Thomas Coughlan: Treasury’s been getting it wrong on house prices, it should be forced to explain why

OPINION:

Last year, decisions made by ministers and officials fuelled the largest increase in house prices in modern times. Those increases were made in defiance of expectations and Government policy, which in the words of Prime Minister Jacinda Ardern was for prices to stabilise.

Now, a group of MPs from parties as disparate as the Greens, National and Act want the Government to come clean with some of the thinking behind the policy choices that led to those price rises by hauling Treasury officials before Parliament’s Finance and Expenditure Committee.

They have a point.

The nub of the problem is Treasury’s house price forecasts, which were catastrophically wrong for most of last year, with Treasury repeatedly saying from April to December that prices would fall. Green MP Chlöe Swarbrick has been trying to haul Treasury officials before the select committee to explain how it got things so wrong.

She’s been backed by National’s housing spokeswoman Nicola Willis who feels she hasn’t had adequate responses to her questions in the committee.

It’s not as wonkish as it sounds. Treasury’s forecasts are meant to be the gold standard. Treasury officials can draw on untold amounts of data from the public and private sectors to work out which direction the economic winds are blowing. It’s important that it gets those trends right because Treasury’s economic data is used to inform the Government’s decisions, which ripple through the entire economy.

When it comes to house prices, those forecasts have been badly wrong and they’ve set the scene for Government policy decisions that have inflated the housing market rather than cooling it down.

The key offender here is something called Large-Scale Asset Purchases (LSAP), the Reserve Bank’s policy of printing tens of billions of dollars of digital money to keep interest rates low.

LSAP was designed to keep interest rates low, encouraging spending to keep the economy functioning as normal. Before the pandemic, Robertson had been warned that a policy like this could exacerbate inequality by pumping up the prices of assets like houses.

But by the time LSAP was being rolled out, Treasury wasn’t concerned with inflating house prices.

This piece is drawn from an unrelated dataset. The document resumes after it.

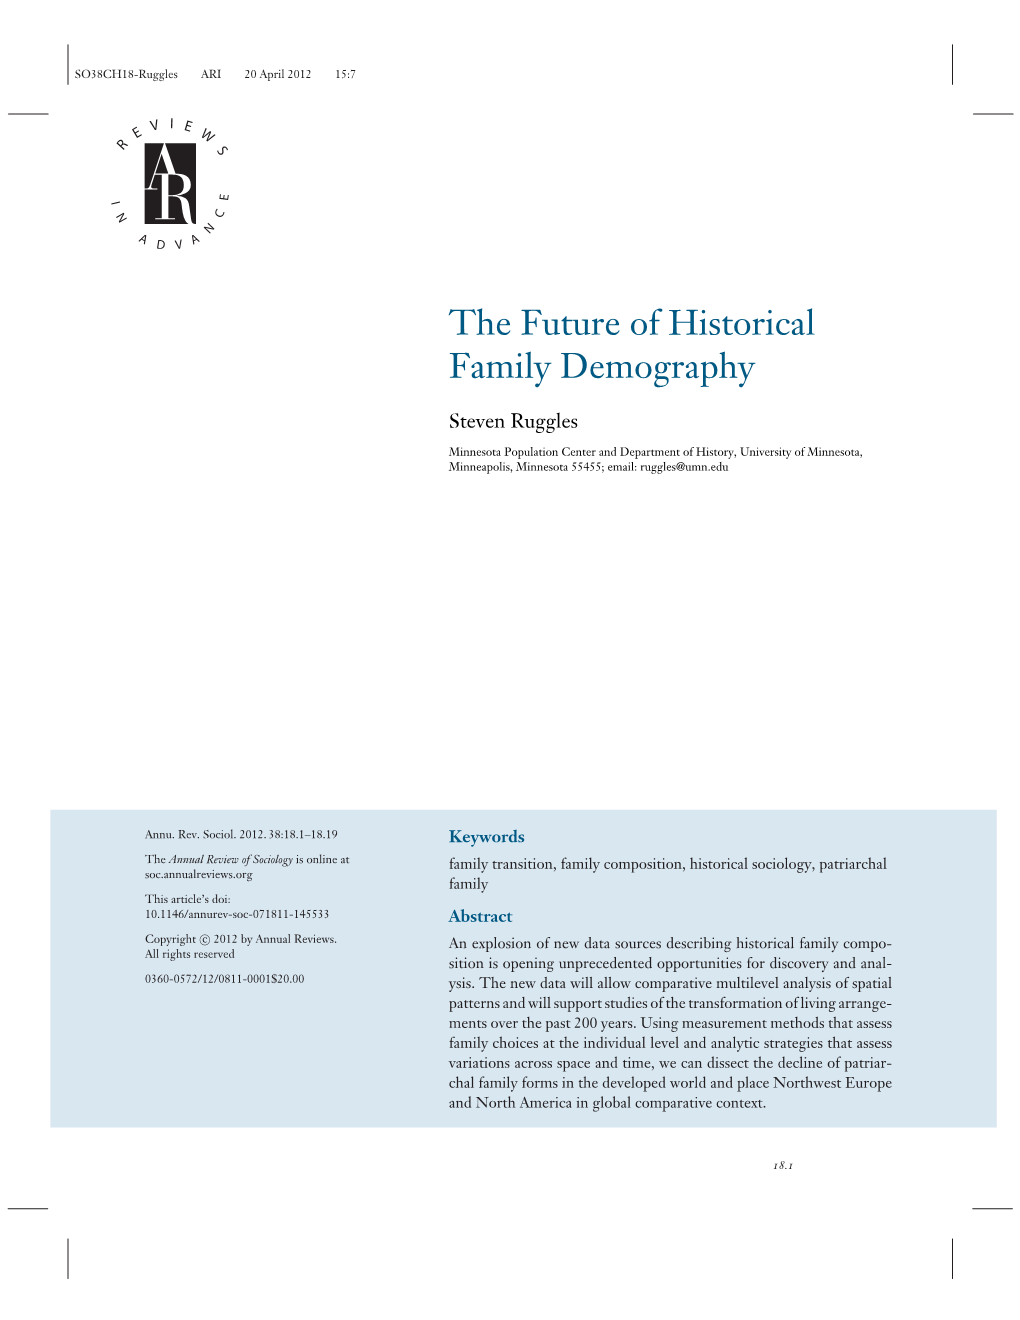 The Future of Historical Family Demography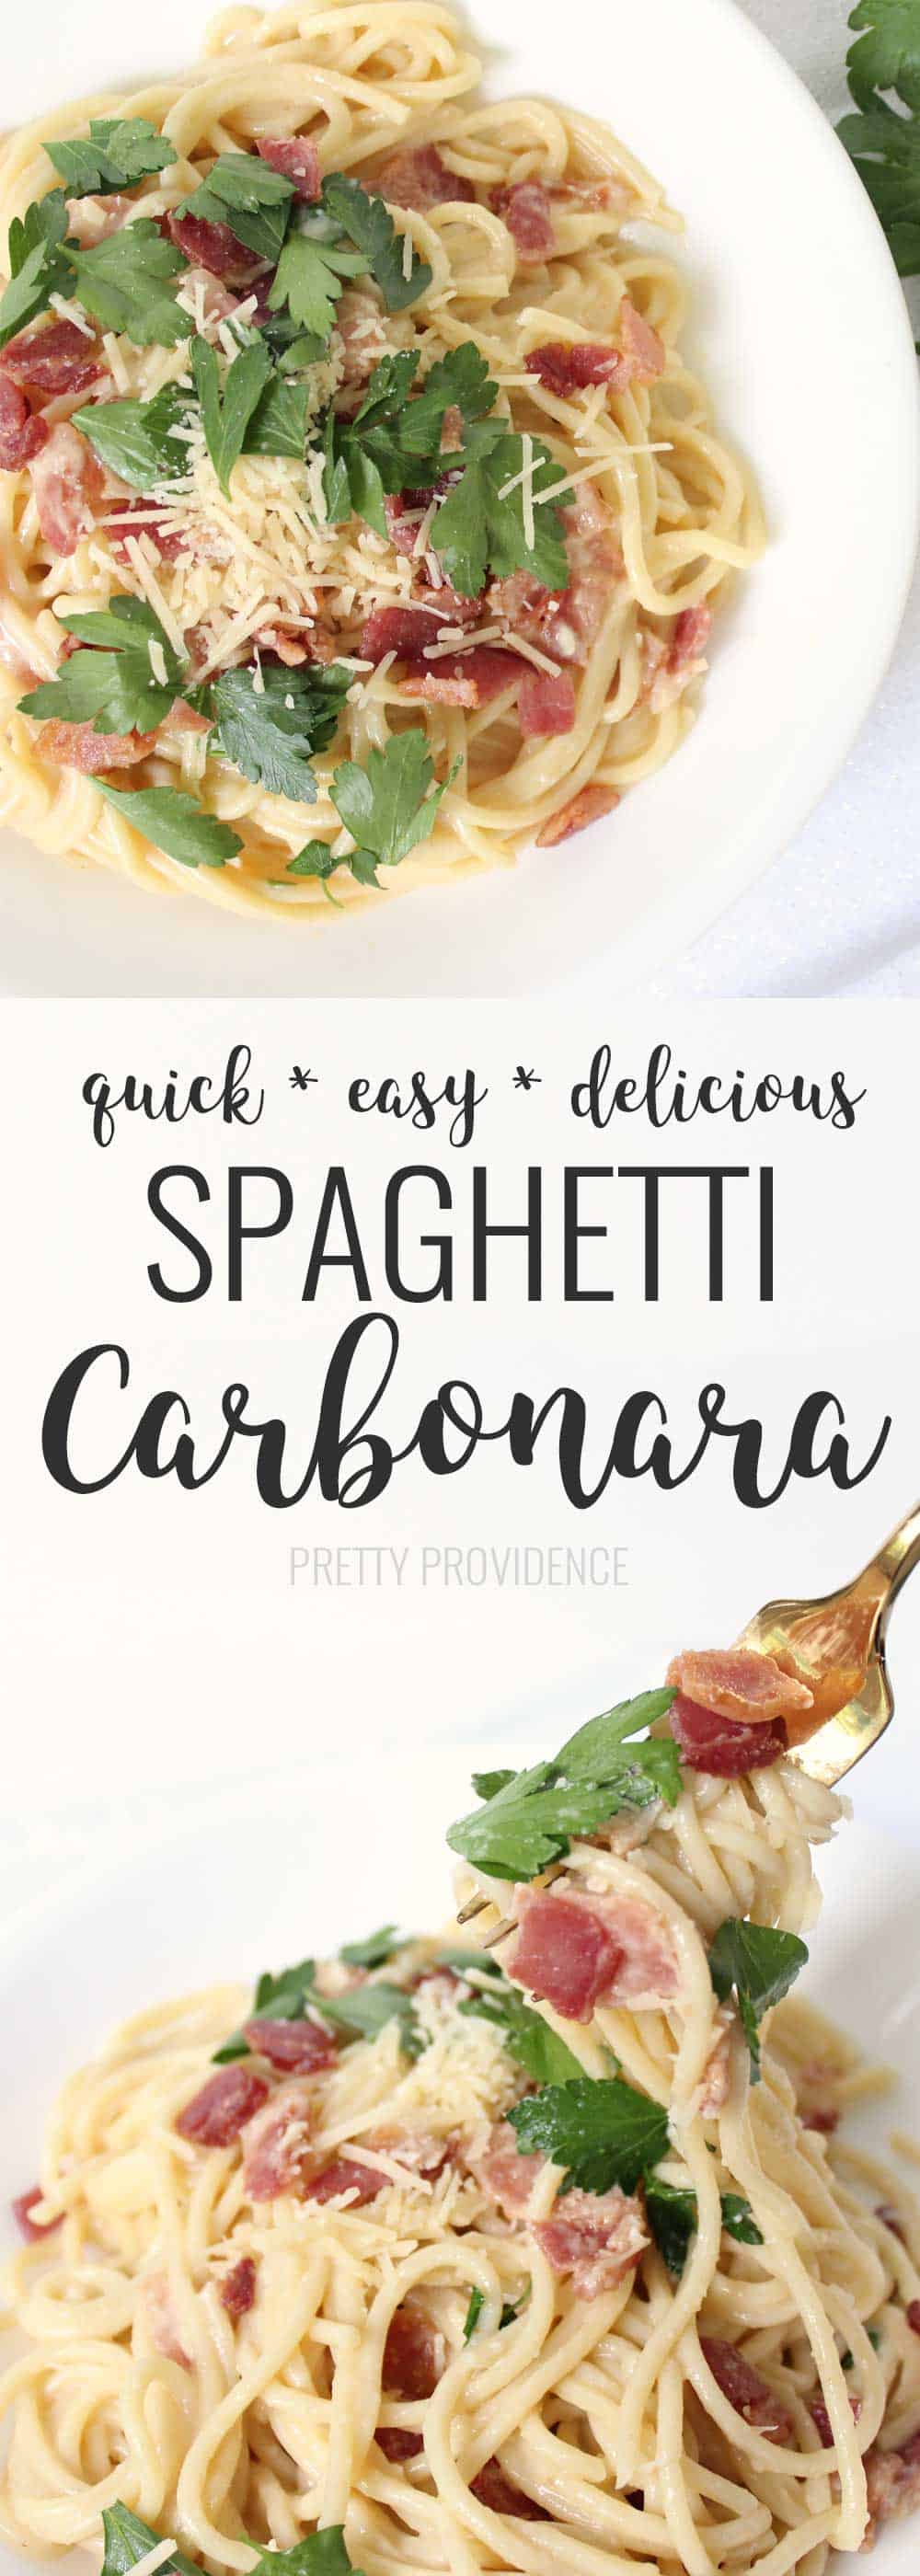 I love this spaghetti carbonara because it's so easy, delicious and quick! Bacon for the win.

Instead, it incorrectly believed house prices would drop, despite the Bank’s intervention.

Treasury’s policy advice was right – its forecasting was terribly wrong, and it kept getting those forecasts wrong that year.

At the Budget last year, it was still forecasting a slight dip in house prices – this didn’t happen; at the pre-election update in September it was once again forecasting a slight dip in house prices – this didn’t happen either; just a few months later, in its December forecasts, it changed its tune, correctly forecasting house prices increases again, saying the market had been “surprisingly strong”.

Those forecasts gave the Government bad advice – and potentially caused it to delay urgent fixes to the housing market, allowing median house prices in the main centres to rise by tens of thousands of dolllars a month.

Given those terrible inaccuracies, Swarbrick and Willis want to look under the hood so to speak, by getting officials to come to the committee and explain how those forecasts work.

They’ve so far been blocked by Labour, which holds a majority on the committee. Chair Duncan Webb said Willis and Swarbrick are allowed to quiz Treasury in writing, but won’t allow them to haul officials before the committee for a full explanation. Webb says, correctly, that Treasury is often before the committee, but those regular appearances gloss over a wide variety of subjects rather than focusing on housing specifically.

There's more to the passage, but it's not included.